[DESCRIPTION OF THE TASK] Repeat the listing exactly. Pictures stay out of your copy.

[RAW DATA]
┌────────

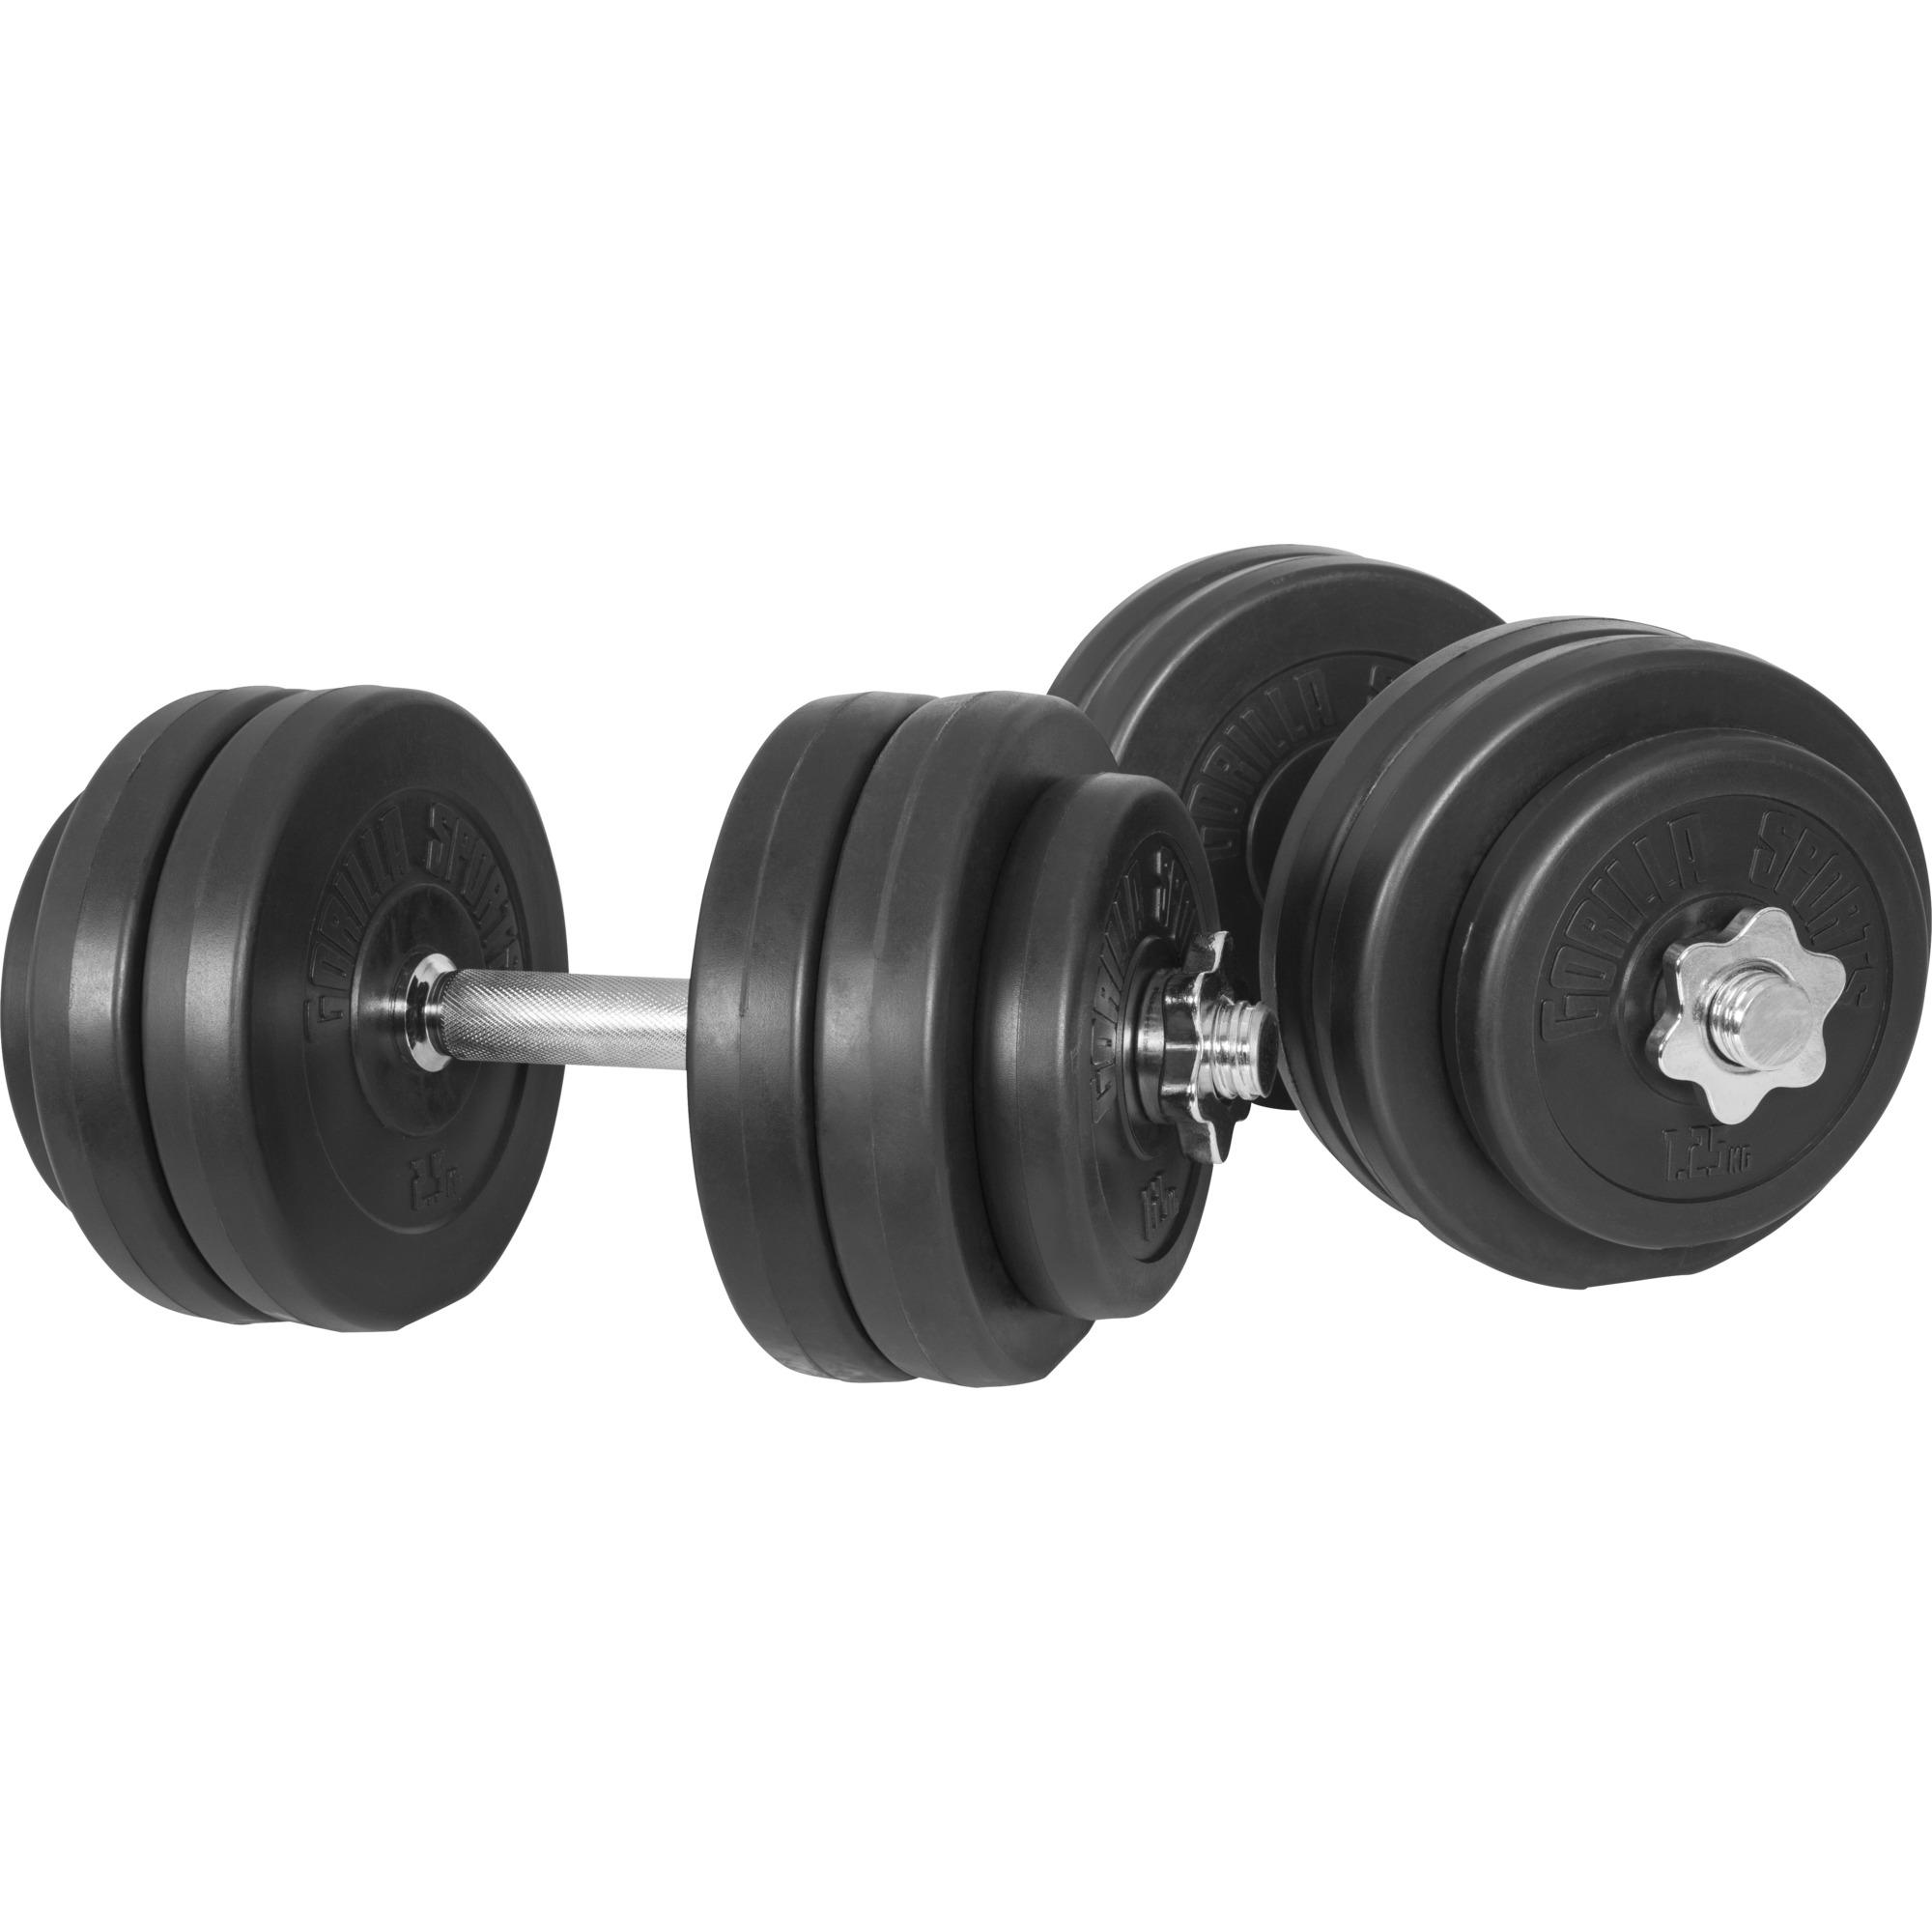 Gorilla Sports Kurzhantelset Kunststoff 30 kg 30mm McFit Kurzhantelset 30 kg
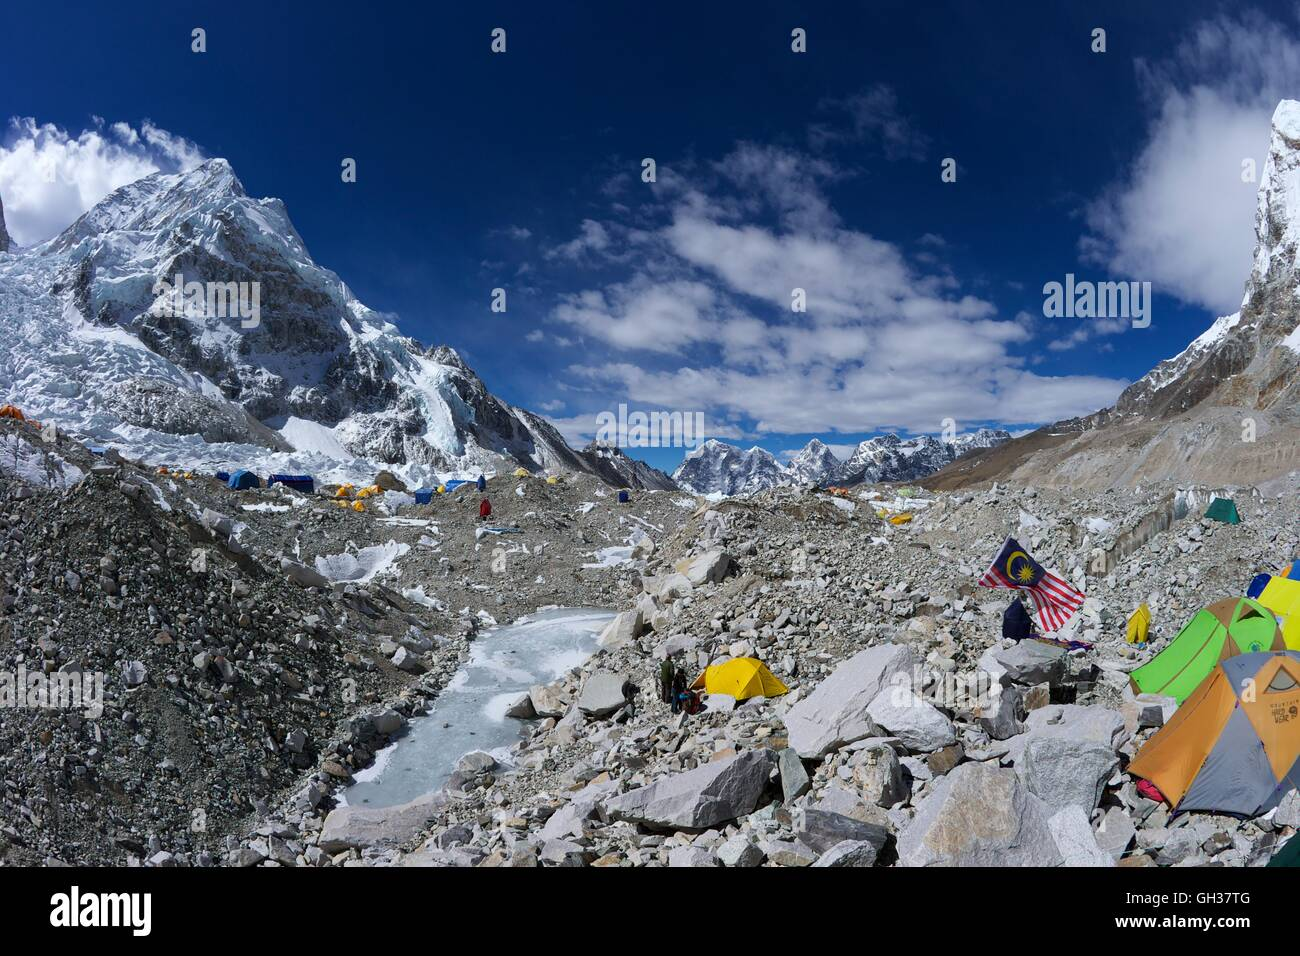 Khumbu Eisfall von Everest Base Camp, Sagarmatha National Park, solukhumbu District, Nepal, Asien Stockbild
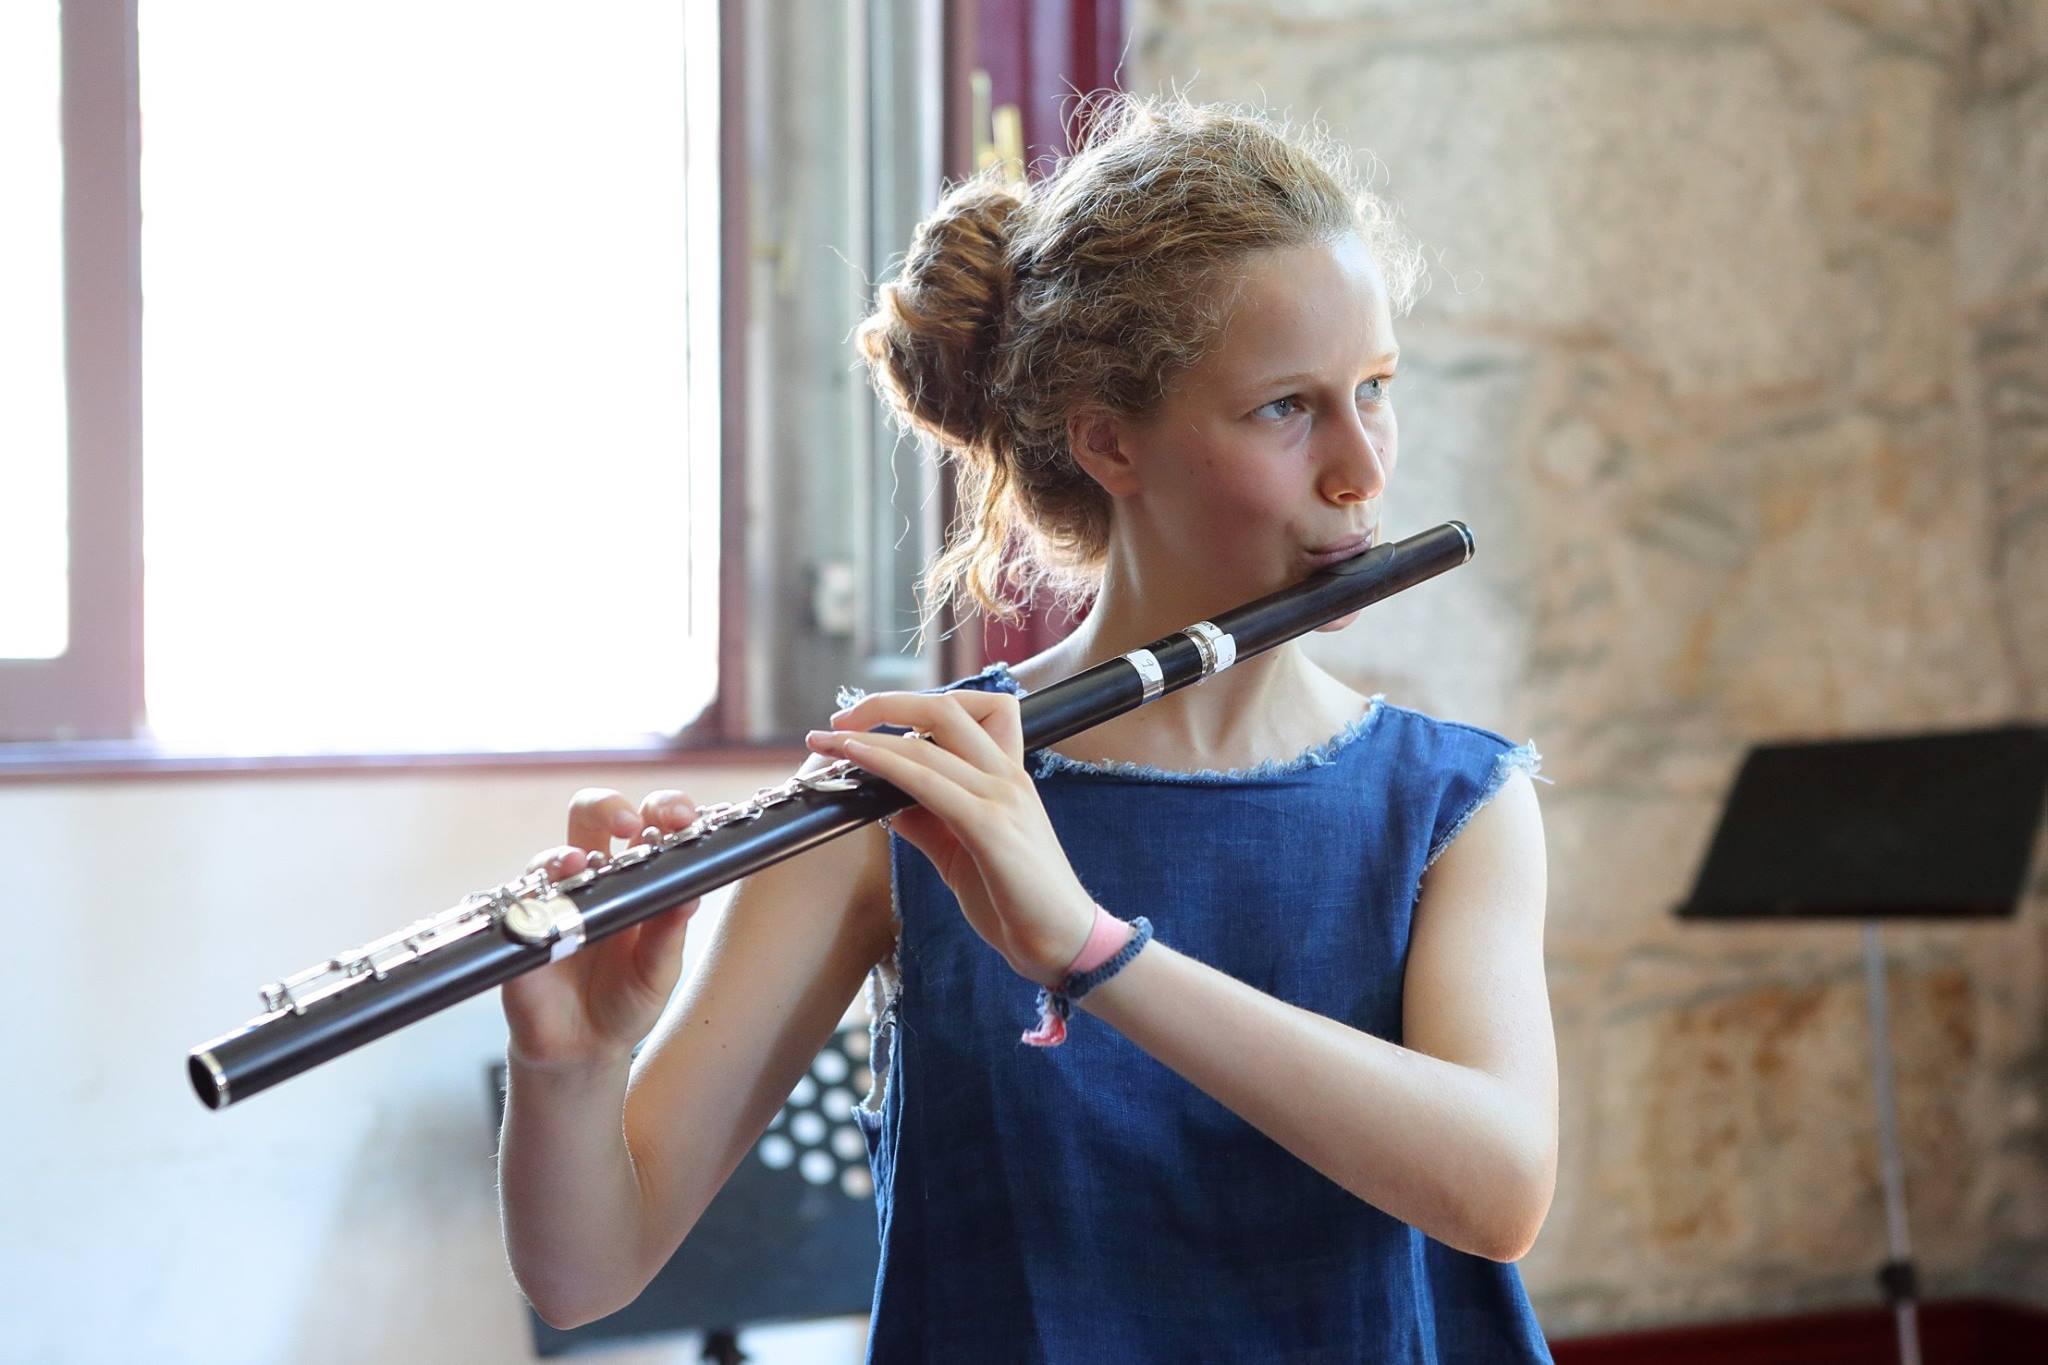 Leonor Moreira playing a Custom Handmade Powell flute in Grenadilla, Photo © Susana Neves/AFV

└────────

[PROBLEM SOLUTION]
 Gorilla Sports Kurzhantelset Kunststoff 30 kg 30mm McFit Kurzhantelset 30 kg
 Khumbu Eisfall von Everest Base Camp, Sagarmatha National Park, solukhumbu District, Nepal, Asien Stockbild
 Leonor Moreira playing a Custom Handmade Powell flute in Grenadilla, Photo © Susana Neves/AFV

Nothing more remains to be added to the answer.